Computer graphics is an RGB-world. Every point/pixel on the screen is represented by an intensity of red, green and blue. Any visible color can be coded with a combination of those three values. RGB is the way to specify colors in various drawing API’s, HTML color coding, etc. However – RGB gamut is not modeling well the way human eye works. Our perception has certain characteristics that are not well expressed in the RGB universe. For example – a human eye is very sensitive to changes in lightness (intensity) but is not very keen on noticing differences between dark shades of blue. This is where YUV colorspace kicks in. YUV (just like RGB) can be used to represent any color but the representation is more interesting from the video compression point of view – which is mostly about benefiting from the imperfections in our sight.

In YUV colors are represented by luminance (Y) and two chrominance components (U and V). For example, in RGB the white color is represented with [1.0; 1.0; 1.0] triple while in YUV it would be a [1.0; 0.0; 0.0] set. In a way YUV predates RGB and computers as it’s the format used in the analog TV (the cable essentially contains YUV signals at different bands).

Conversion

The reason why YUV is important is that it’s used as the native format in video compression. The raw (fast) output we get from a modern video decoder is a (some kind of) YUV buffer. YUV can be fairly easily converted to RGB (and vice versa) but it comes at a price. Since it’s a per-pixel operation the processing time gets steep fast. With high-resolution DVD-quality video we’re talking about ~10 million points per second. With numbers like that any operation becomes a bottleneck. Since in the end we somehow need to get the RGB representation, the only thing we can do is delegate the conversion from the CPU to the graphical hardware.

Overlays to the rescue

The traditional way of dealing with this problem was to use overlay capabilities of the graphics board. Overlays are around since long time (way longer than 3d acceleration) and are fairly well established. Overlays, being a hardware capability, allow us to “take over” a certain (more or less rectangular) area of the screen and dump there some pixel data – bypassing the traditional drawing pipeline. The data pushed can be in YUV format. Modern graphics hardware supports all popular YUV formats and the conversion is handled by the hardware.
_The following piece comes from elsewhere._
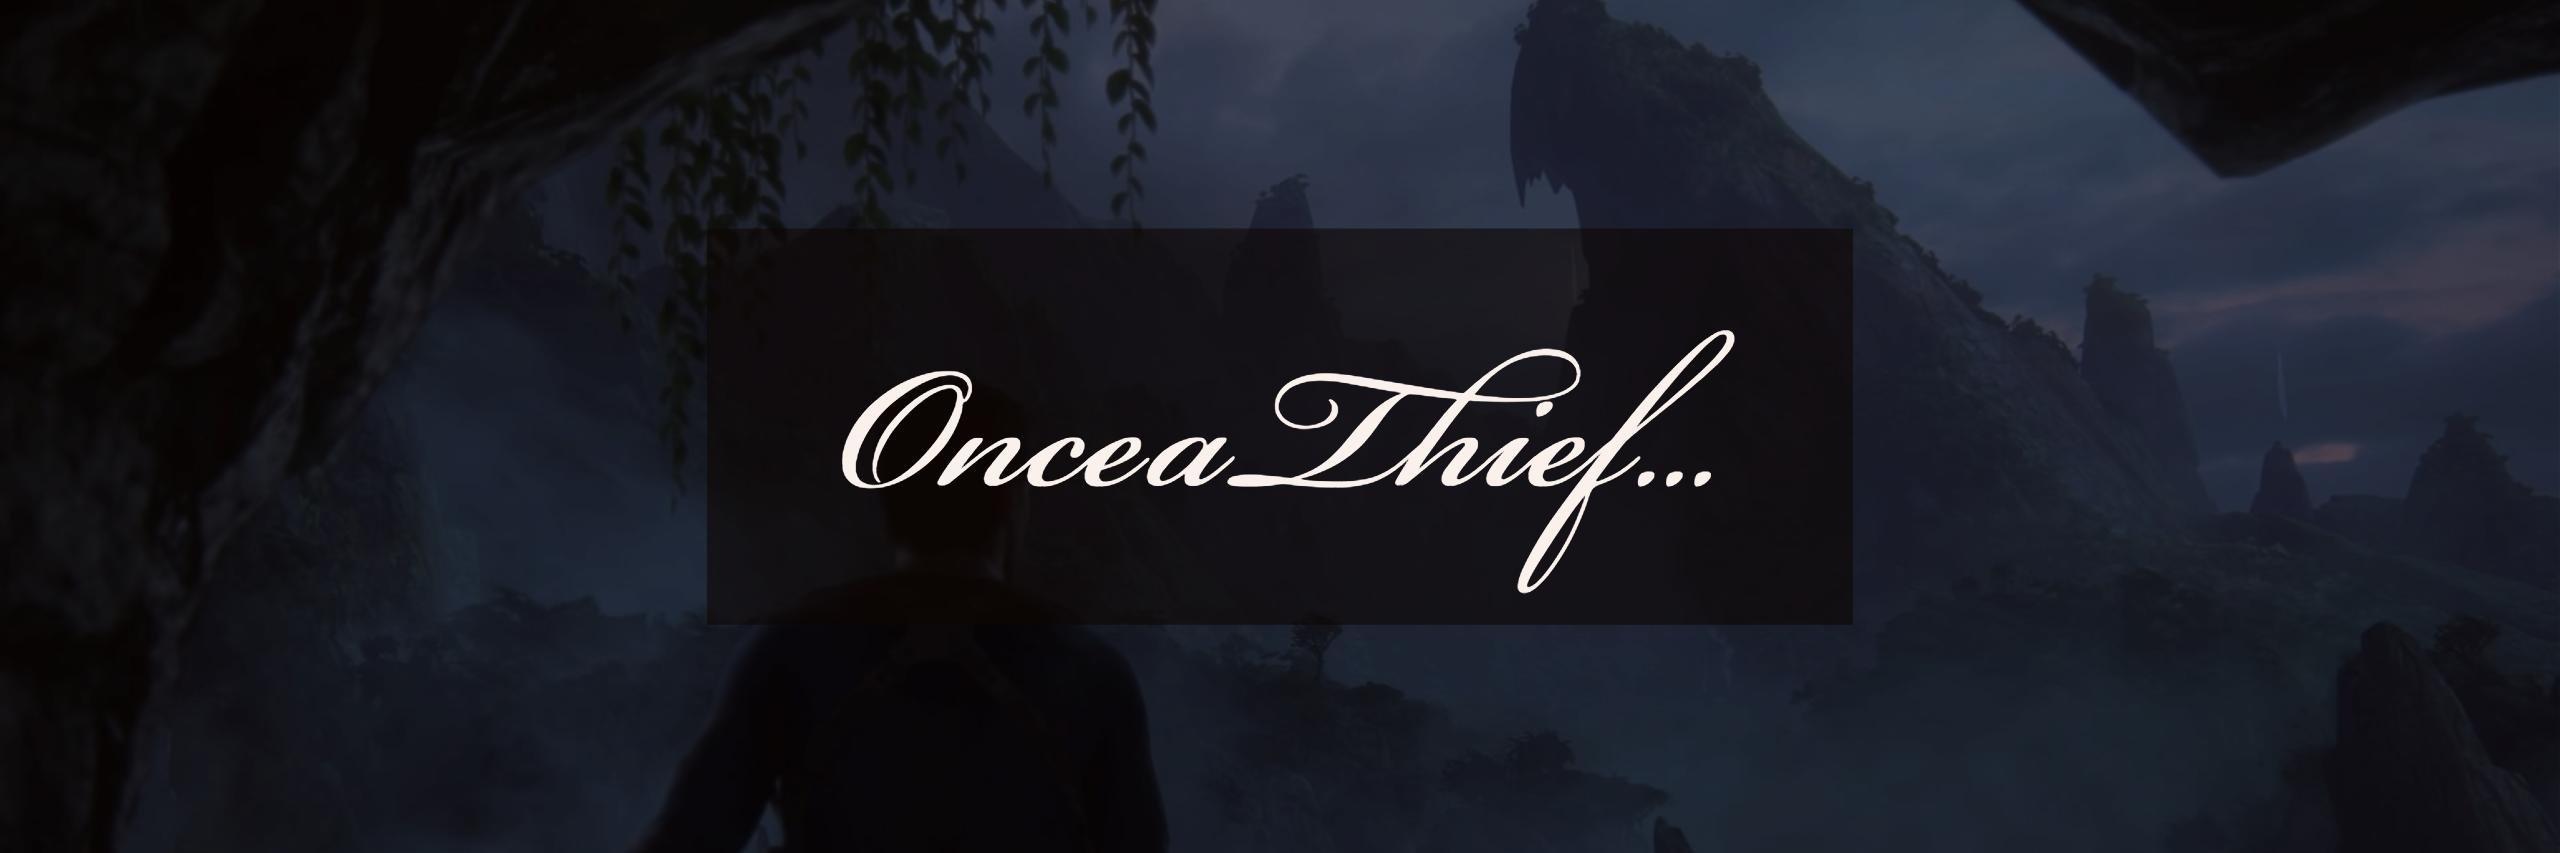 Uncharted 4. [ночное] - Изображение 2

The limitation of this approach is that the video (overlay) is not really a first-class citizen in the UI pipeline. It’s something that is (simplification here) “burnt over” other elements of the UI. We can’t transform it, we can’t use it in the 3d/2d effects pipeline and it’s problematic (slow) to draw over it (think transparent playback controls drawn over playing video). Overlays are more than enough for implementing standard desktop players but are useless when we want to do more fancy stuff.

For the fancy effects we want to use video as a native texture/source image while still delegating the colorspace conversion to the hardware. OpenGL API/pipeline does not support YUV formats but we can easily fix that with custom GPU code.

YUV formats

One problem with YUV is that it comes in different flavors (formats) and there are quite many of them. FourCC website has a good overview. The good thing is that there are just a couple of popular formats used in practice and the huge rest is mostly exotic or legacy.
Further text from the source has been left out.